Als der 22-Uhr-Bescheid kam, dachten die Theaterleute daran, aufzugeben
Für Kirchhof und Hofmann ein Schock: "Als der Bescheid im Juni 2020 kam, haben wir die Arbeiten erstmal zwei Monate ruhen lassen und überlegt, ob wir aufgeben", erzählt Achim Hofmann. "Aber dann haben wir beschlossen: Wir kämpfen! Diese Auflage ist der Tod der Kleinkunst. Es geht beim Theater um ein gesellschaftliches Ganzes. Dass man sich nach dem Stück austauschen kann, ist ungeheuer wichtig. Und das können wir so nicht leisten."
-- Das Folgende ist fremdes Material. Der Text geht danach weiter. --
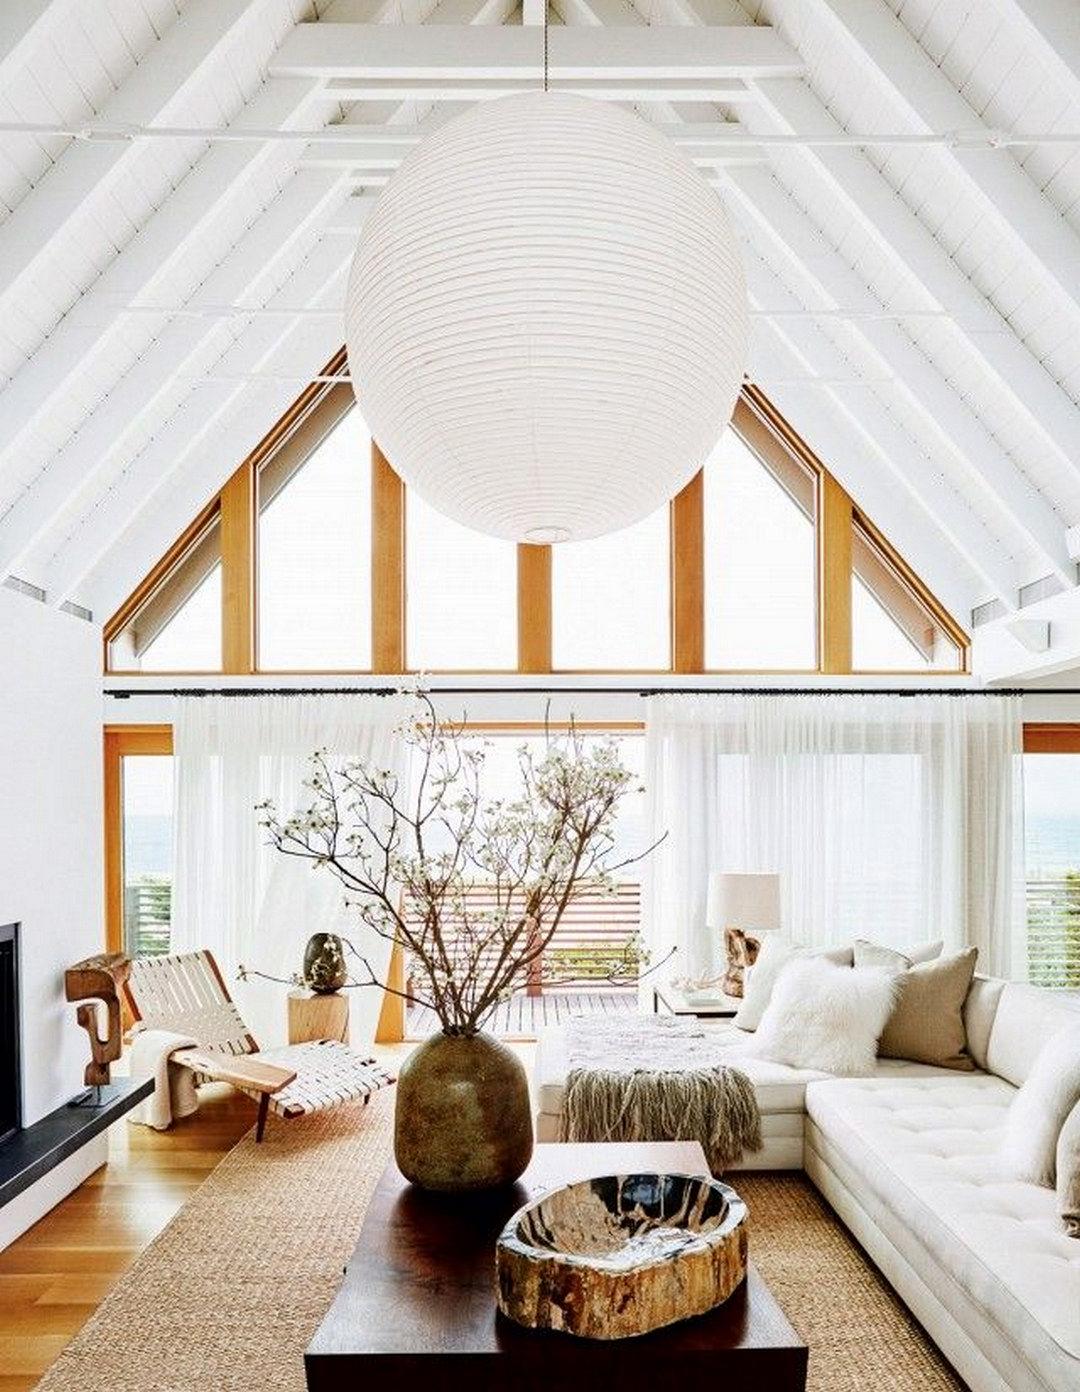 17 Stunning Interior Design Ideas For Living Room Beach House Living Room Dreamy Living Room Beach House Interior

Klären wird die Frage auf die Klage des Theaterhauses hin das Verwaltungsgericht. Irgendwann. Der Termin wurde schon mehrfach verschoben, berichten die Theatermacher. Nun ist einer angesetzt, bei dem ihr Anwalt nicht kann. "Aber er muss unbedingt dabei sein."
Bis dahin wird unter der Regie von Amelie Auer erstmal gearbeitet, so gut es geht. Das Stück muss immer wieder gekürzt werden, damit die Vorstellung auch ja rechtzeitig endet. Was wiederum bedeutet, dass die Darstellenden sich permanent neue Stichwörter und Übergänge merken müssen. Einstweilen hat Souffleuse Monika Freiberger noch alle Hände voll zu tun. "Aber das kennen wir schon", sagt Achim Hofmann, "am Premierenabend klappt dann doch alles."
Die Innenausstattung stammt aus einem Haßfurter Kino der 1950er Jahre
Dass die historische Atmosphäre so gut passt, liegt übrigens auch am Theater selbst: Die Innenausstattung – Barbereich, Leuchten und Klappsitze etwa – stammt aus einem Haßfurter Kino aus den 1950er Jahren, dass just zu rechten Zeitpunkt abgerissen wurde. Die schweren roten Vorhänge aus der Kulturscheune Eichfeld. "Schwer entflammbarer Samt", sagt Achim Hofmann, "wäre ansonsten unbezahlbar." Wiederverwendung gehört auch zum Konzept: "Das ist ein Recycling-Haus", sagt Silvia Kirchhof. "Hier ist fast nichts neu."
Und, das klingt schon fast wie Vorsehung: Die Kostüme kommen tatsächlich alle aus Amerika. Eine Tante von Silvia Kirchhof schickt regelmäßig allerhand Glitzerklamotten, die sie bei den berühmten Garage Sales, also Miniflohmärkten, für wenige Dollar kauft. "Die Sachen sind so drüber, dass sie genau richtig für dieses Stück sind", sagt die Sängerin.
Die Vorstellungen: 1. bis 6. November, 19.30 Uhr, Theaterhaus Gerolzhofen, Centgasse 4. Karten bei der Tourist-Info, bei Mode Iff sowie unter der Tel. (09382) 3100228.